Keep CX-5 customers coming back to CX-5 or CX-9. This is a priority before looking for further development.”

While Mazda Australia is kicking goals with customer retention, marketing director Alastair Doak says the company was “continually improving and evolving” its “sophisticated CRM (customer relationship management) program”.

But Mr Doak admitted it would be difficult for the company to continue to grow its market share at the current rate in the increasingly segmented Australian market.

Last year Mazda finished second in Australian sales, with 114,024 units, a 13.2 per cent increase over 2014, to give it a 9.9 per cent share of the market behind Toyota's massive 17.8 stake.

Asked how much more the brand could grow year on year in Australia, he said: “We are already covering about 80 per cent of the market anyway so from that point of view, not a huge amount.

“We don’t have any ambitions to ramp up sales. We will end up with about 115,000 this (Japanese) financial year which ends in a couple of weeks. In the short term, this coming financial year will probably be when we consolidate.”

Mr Doak praised Mazda's Australian dealer network for managing the increase in volume, which was more than 13,000 last year, largely on the back of the instantly popular CX-3 crossover.

He added that further growth was possible once the second-generation CX-9 arrived mid-year.

“We put a huge amount of pressure on our dealers when we have those significant volume jumps,” he said.

“It was like 12,000-plus in one year. That is hard for the guys to absorb that additional activity and keep the standards they would like to deliver to their customers.

“They have done a fantastic job this year in doing that. We think this year everybody can kind of make sure all of their processes are in place again and make sure we have kept up.

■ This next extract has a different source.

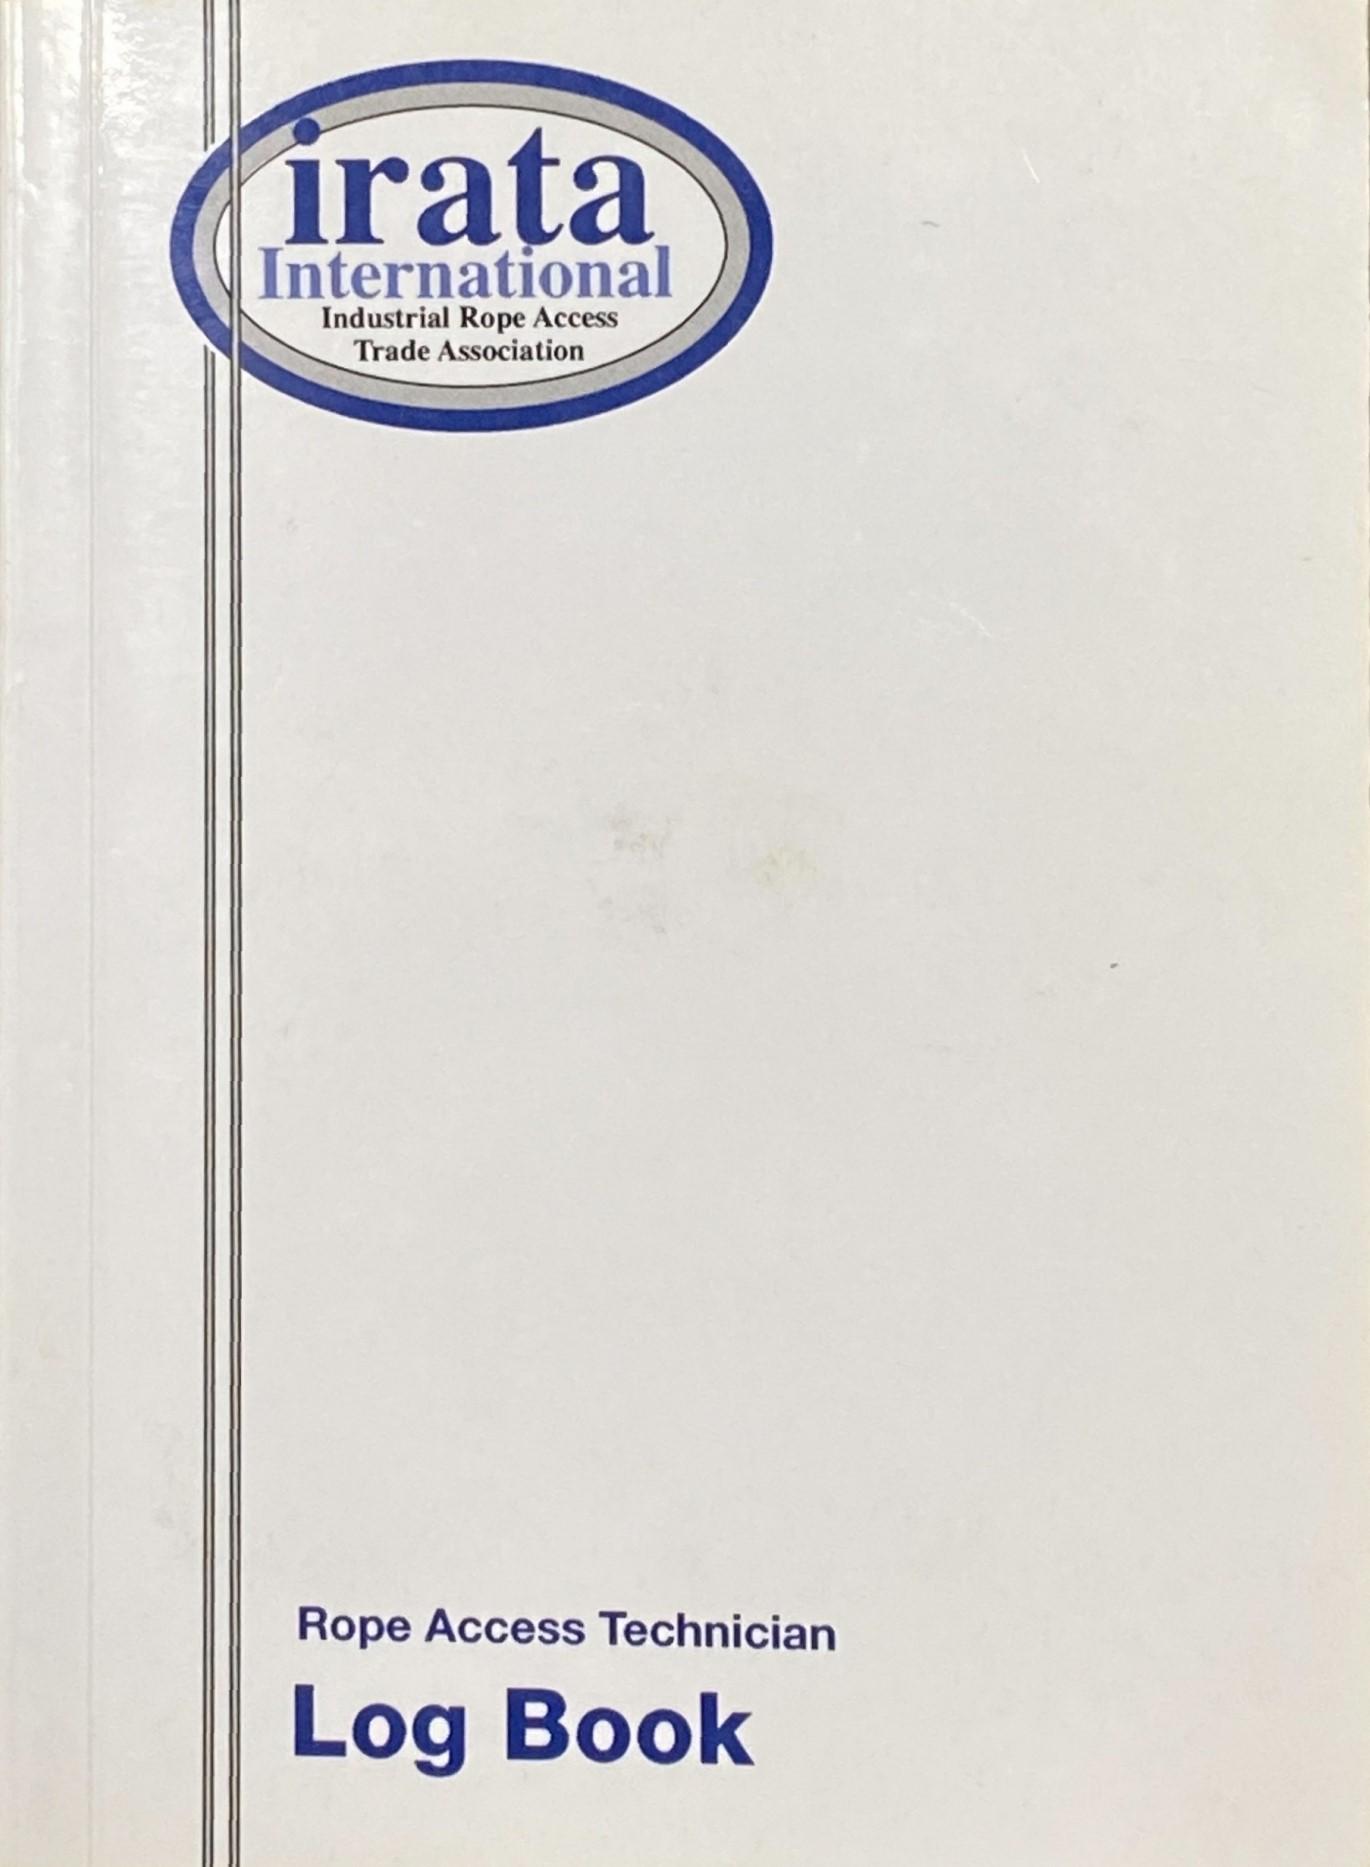 irata logbook

“Having said that there is still opportunities for growth. The market has started the calendar year up and there will be growth in that – CX-9 coming mid-year, we are nearly out of the old one.

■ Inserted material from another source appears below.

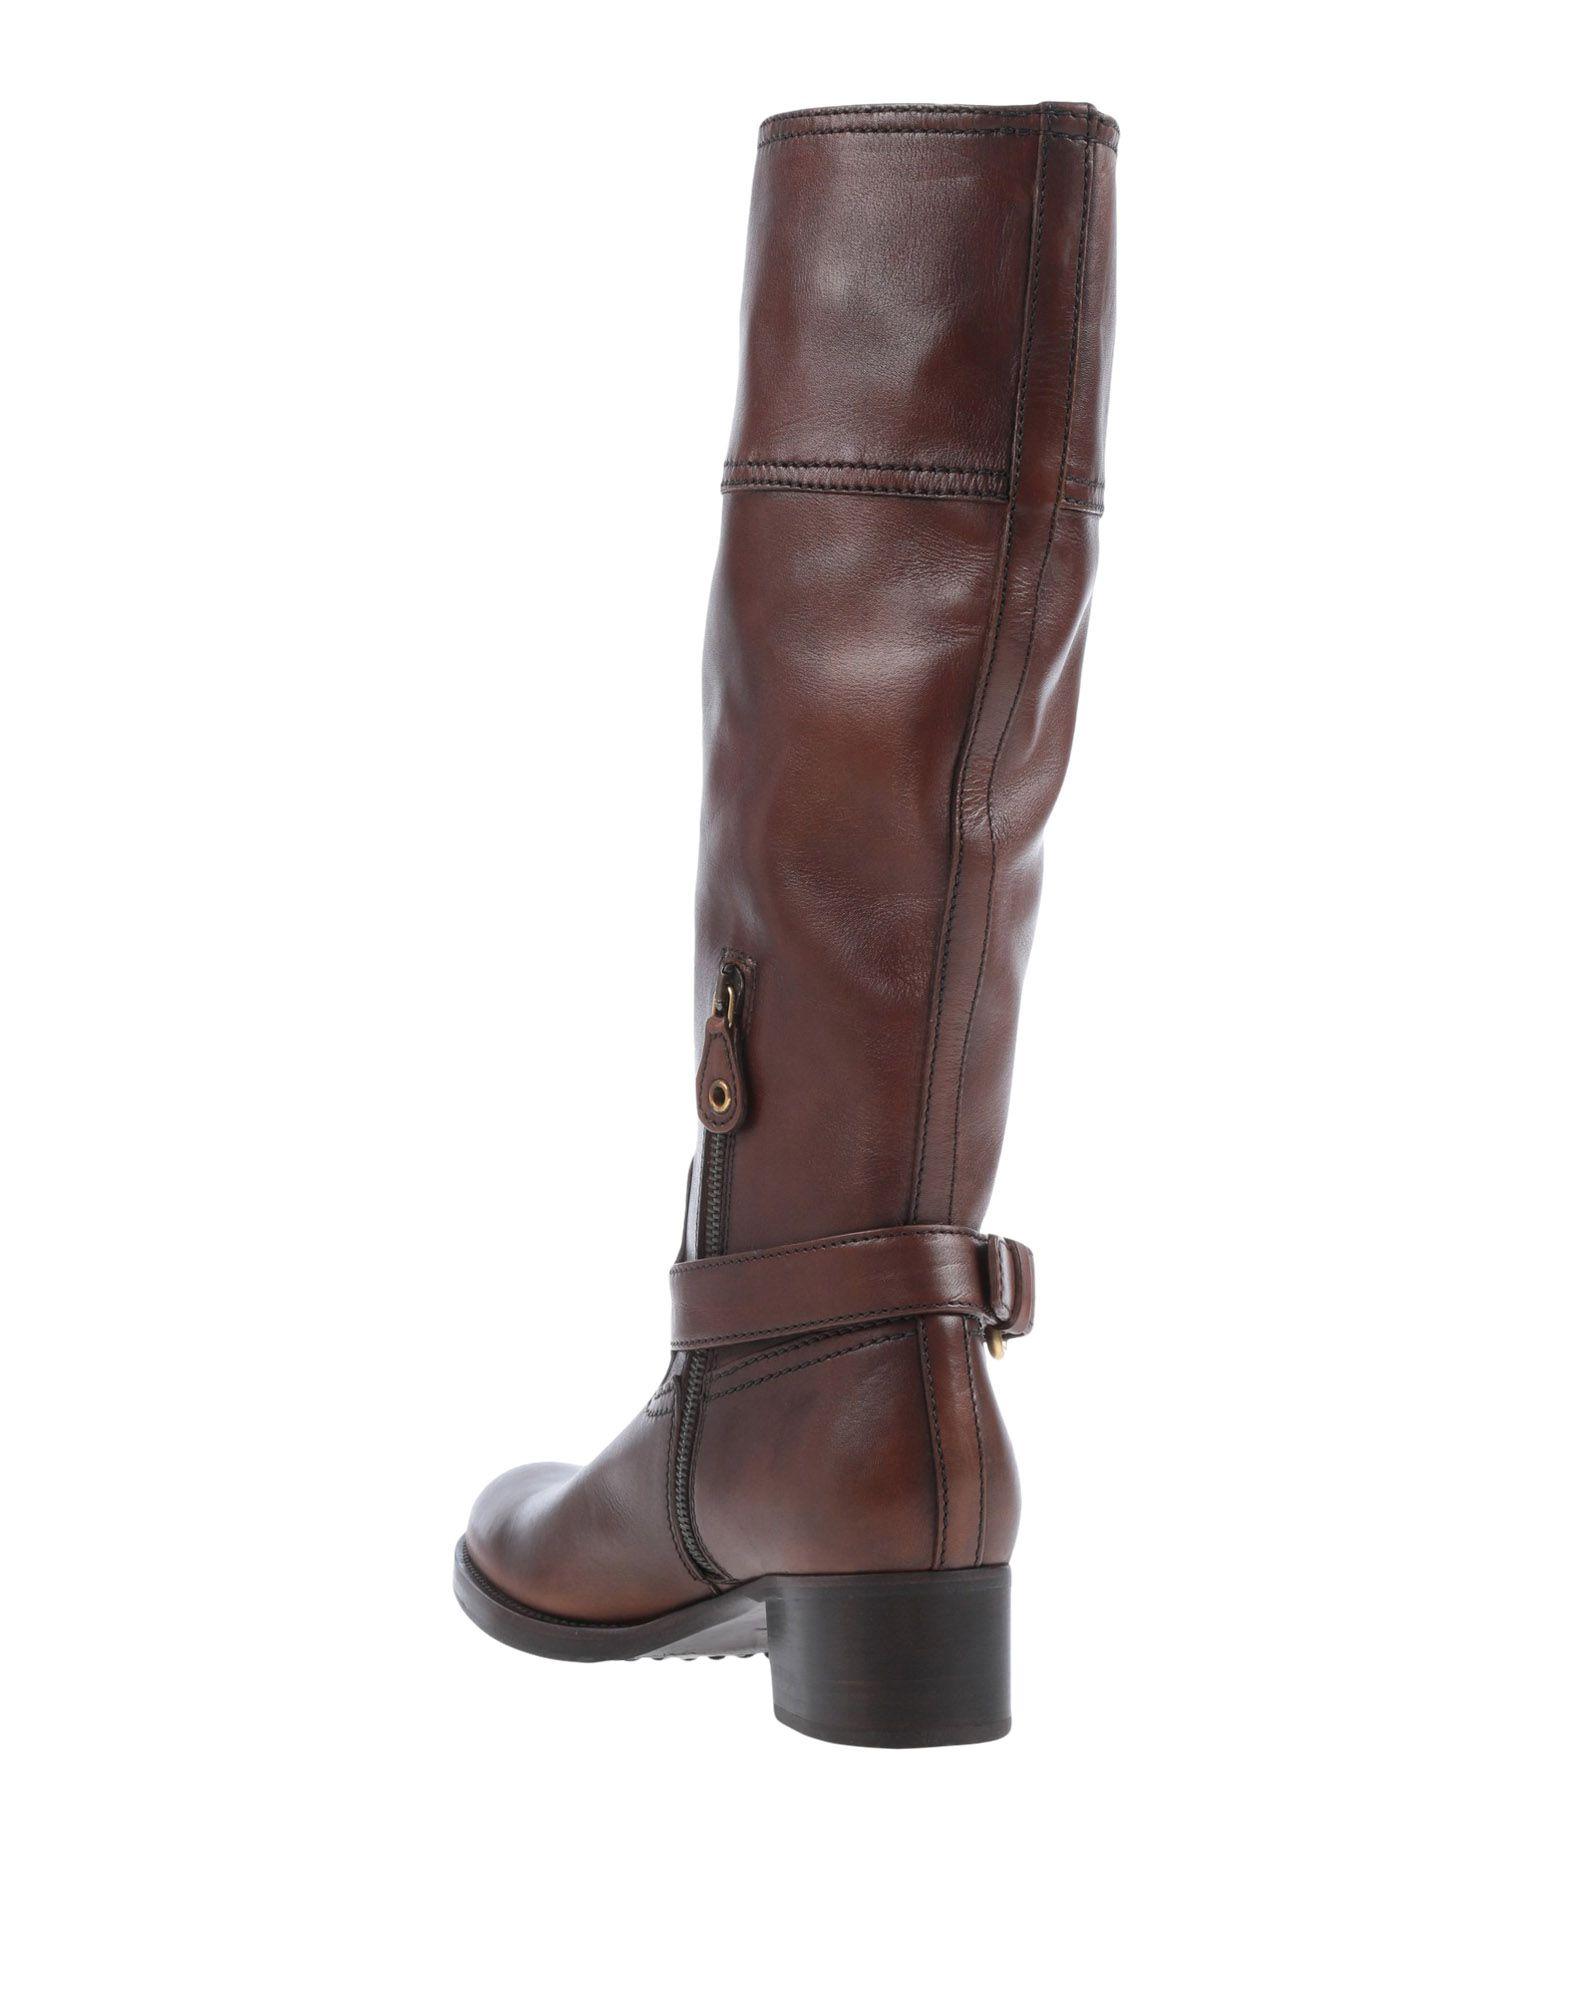 Rabatt Schuhe Carshoe Stiefel  Damen  Stiefel 11536582MP 9d797d

“We literally have 100 or so left. And then we will get into the new one.

Playing off the success of CX-3 and CX-5, we have opportunity to do better in that large segment and we will certainly be trying.”

Mr Doak said Mazda would promote the new CX-9 through displays at shopping centres around Australia.

He ruled out putting its marketing budget into motoring festivals and shows such as MotorWorld Sydney or Melbourne's MotorClassica.

“Investment versus return, we think we are better off putting our money elsewhere,” he said.

“We are going to do some customer-facing activity with the CX-9 when it comes out. We haven’t done it before.

“We will probably end up in some of the biggest shopping centres around the country with CX-9. Those plans are pretty much locked in now so we will see how that goes, it's something we haven’t done before.”